* **Task goal**
For this exercise, copy exactly the lines below from the one with "16th book of" through the one with "A Trip to Framlingham, Suffolk" and leave out the pictures.

* **Records for this exercise**
= Beginning of Section =

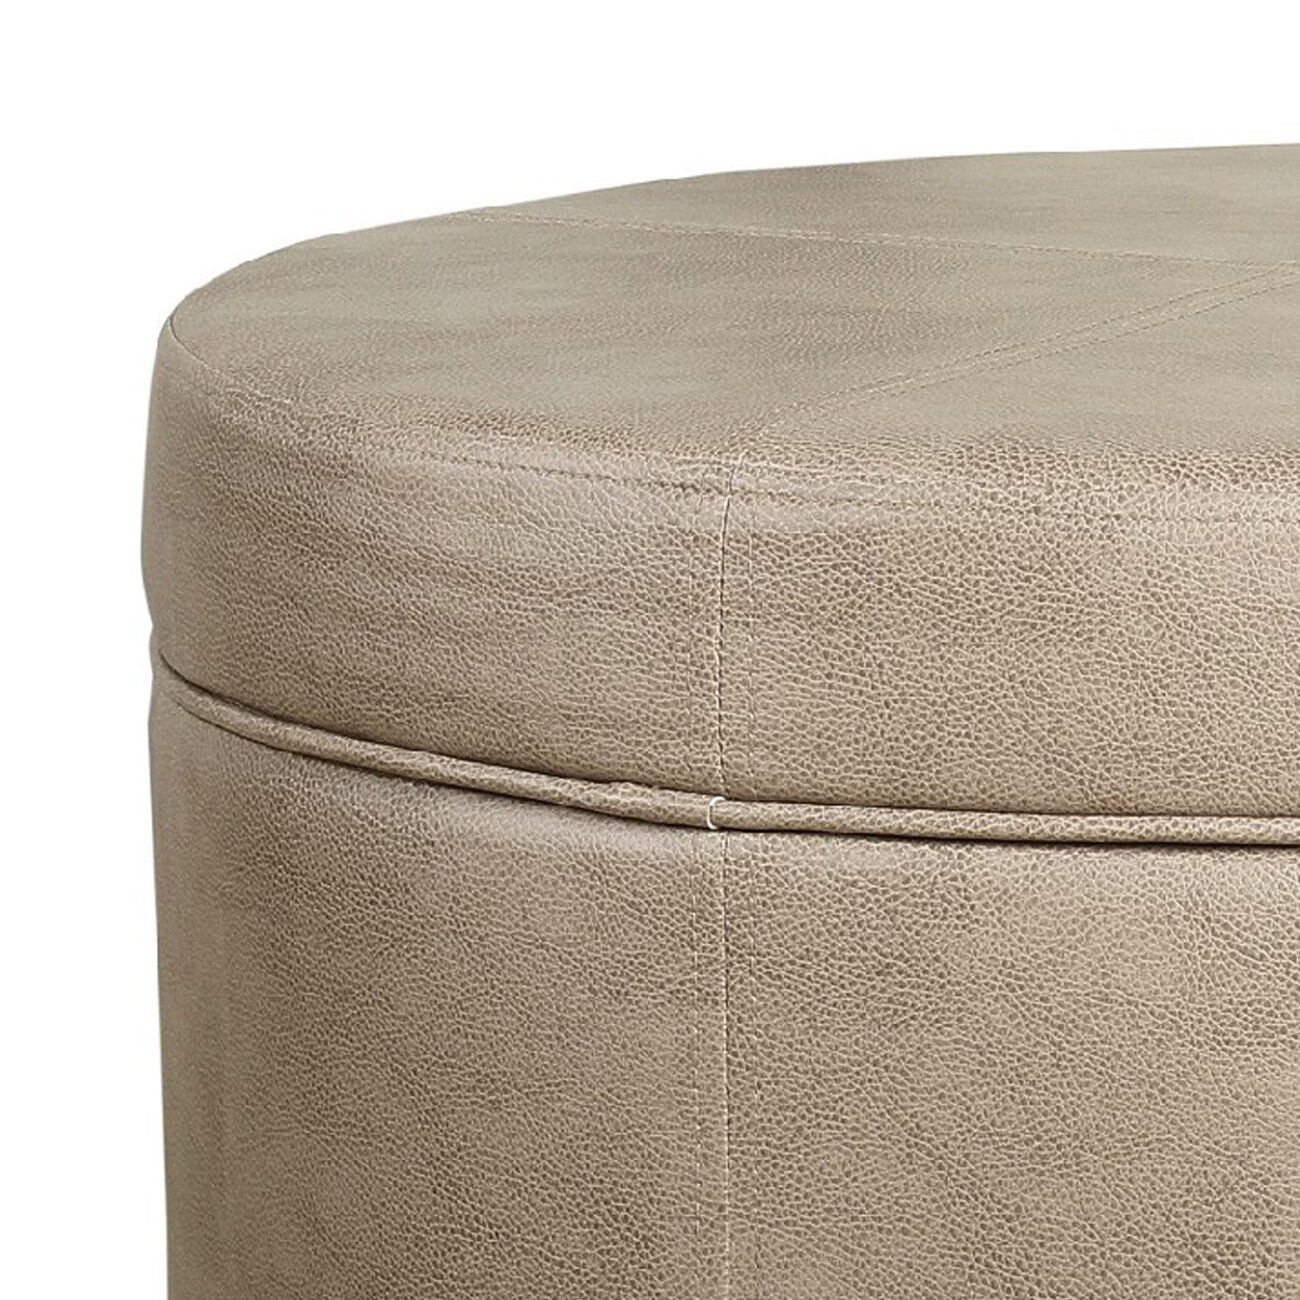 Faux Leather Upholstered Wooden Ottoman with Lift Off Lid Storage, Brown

= End of Section =
= Beginning of Section =

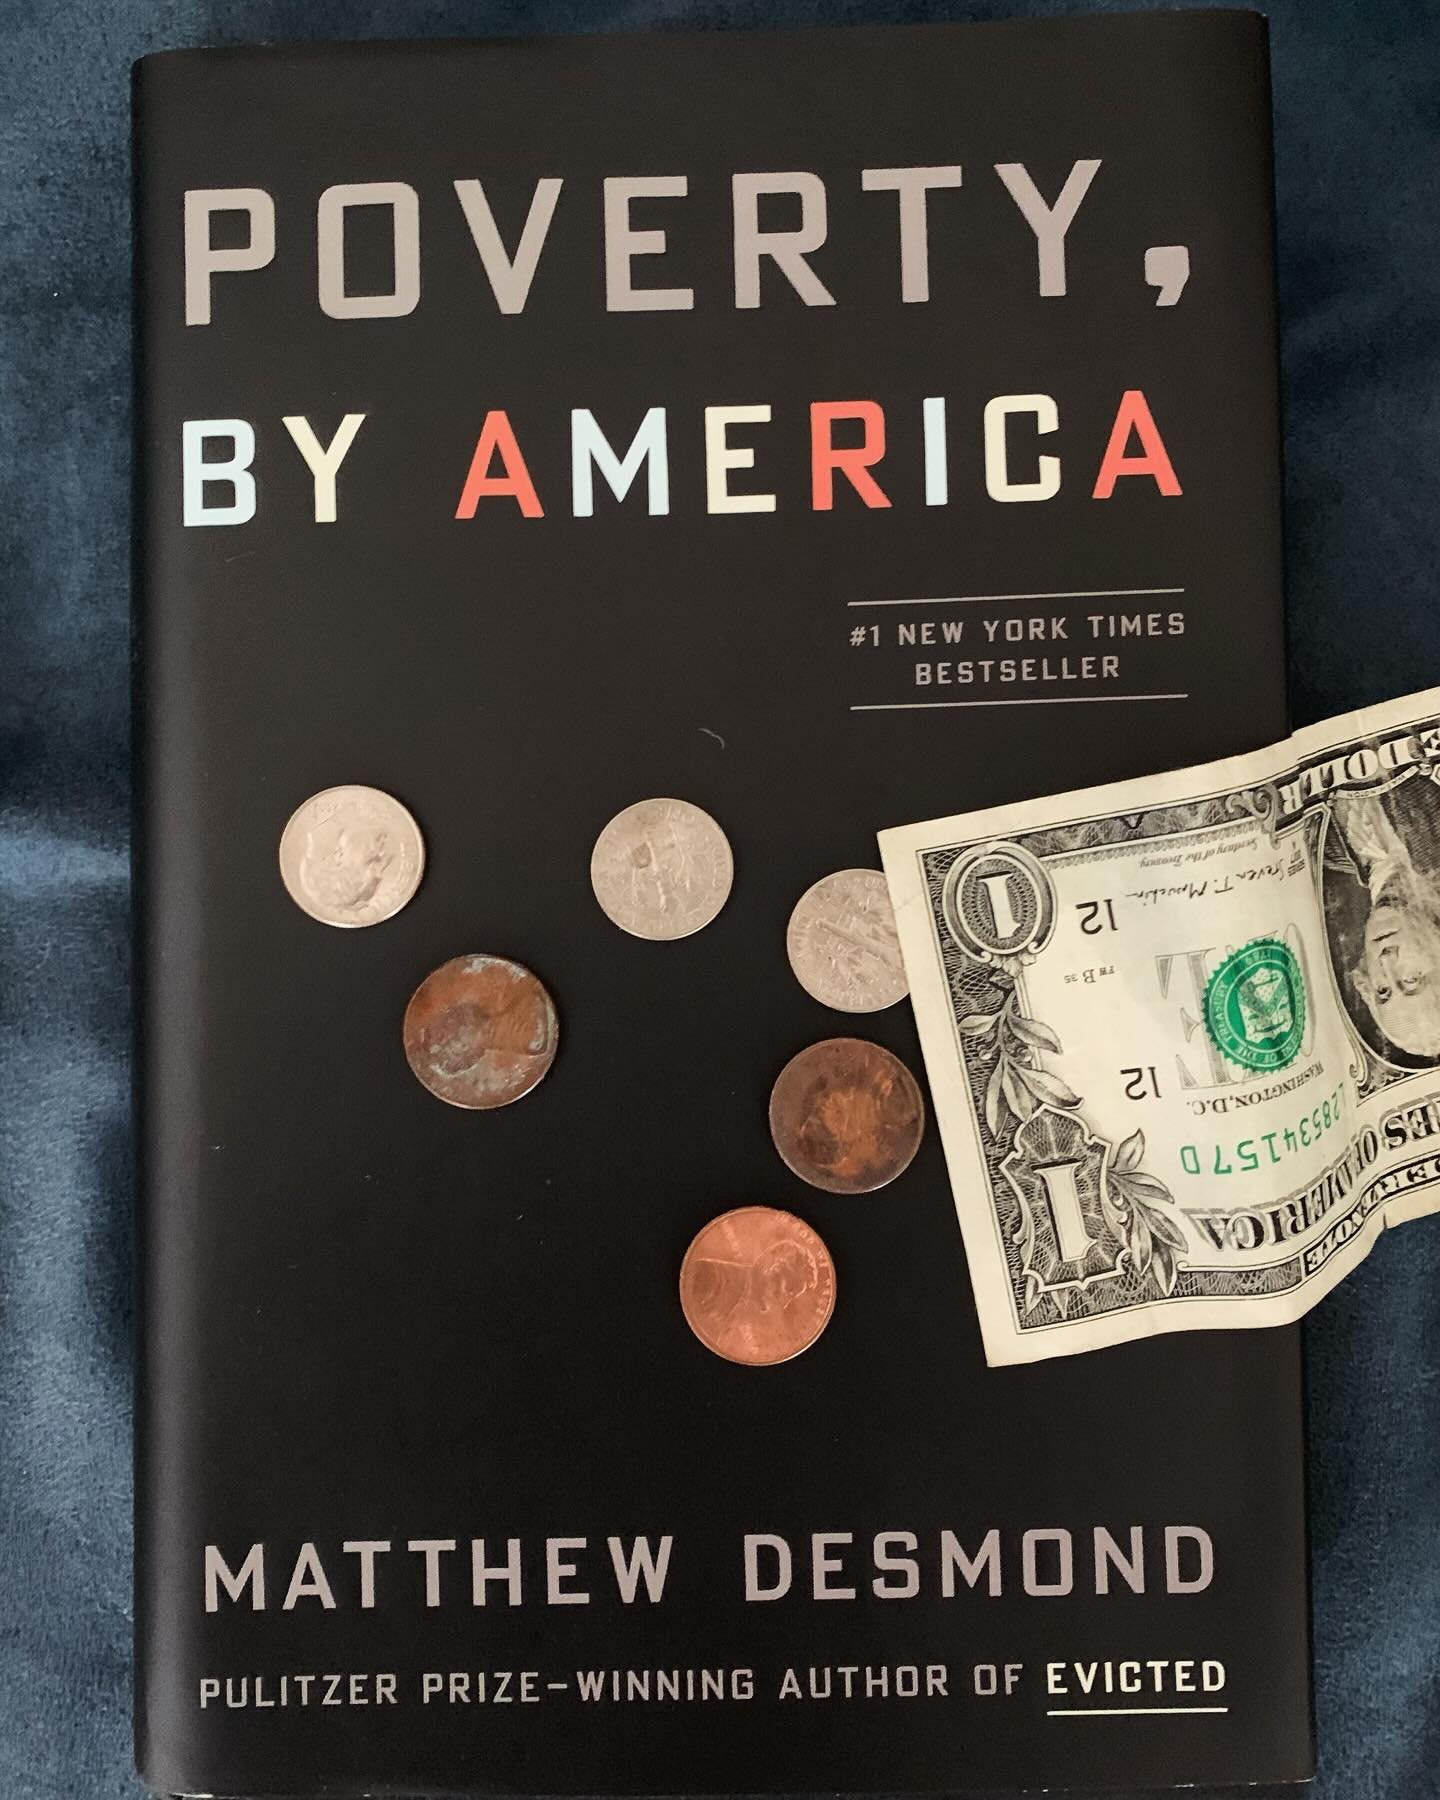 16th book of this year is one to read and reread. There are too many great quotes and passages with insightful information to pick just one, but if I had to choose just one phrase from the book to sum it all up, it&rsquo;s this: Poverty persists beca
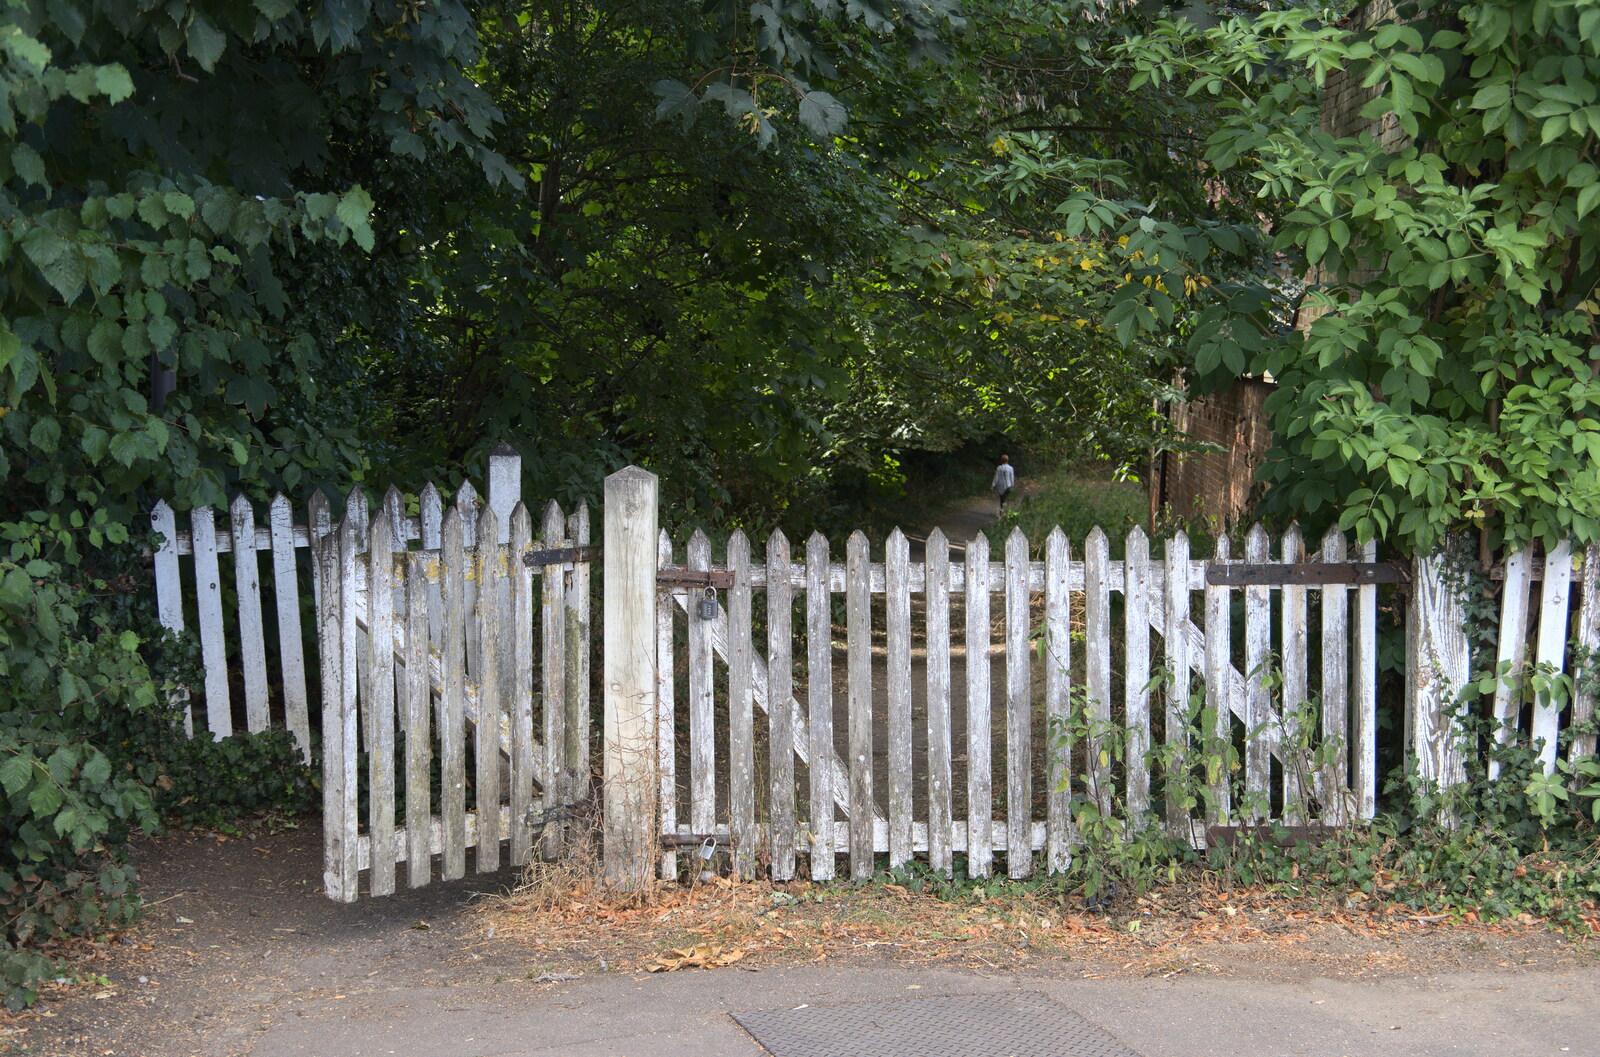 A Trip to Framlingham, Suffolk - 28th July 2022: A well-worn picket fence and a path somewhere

= End of Section =
= Beginning of Section =

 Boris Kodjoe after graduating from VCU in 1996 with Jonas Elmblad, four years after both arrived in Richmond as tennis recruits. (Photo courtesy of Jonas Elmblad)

= End of Section =

* **Task solution**
 16th book of this year is one to read and reread. There are too many great quotes and passages with insightful information to pick just one, but if I had to choose just one phrase from the book to sum it all up, it&rsquo;s this: Poverty persists beca
 A Trip to Framlingham, Suffolk - 28th July 2022: A well-worn picket fence and a path somewhere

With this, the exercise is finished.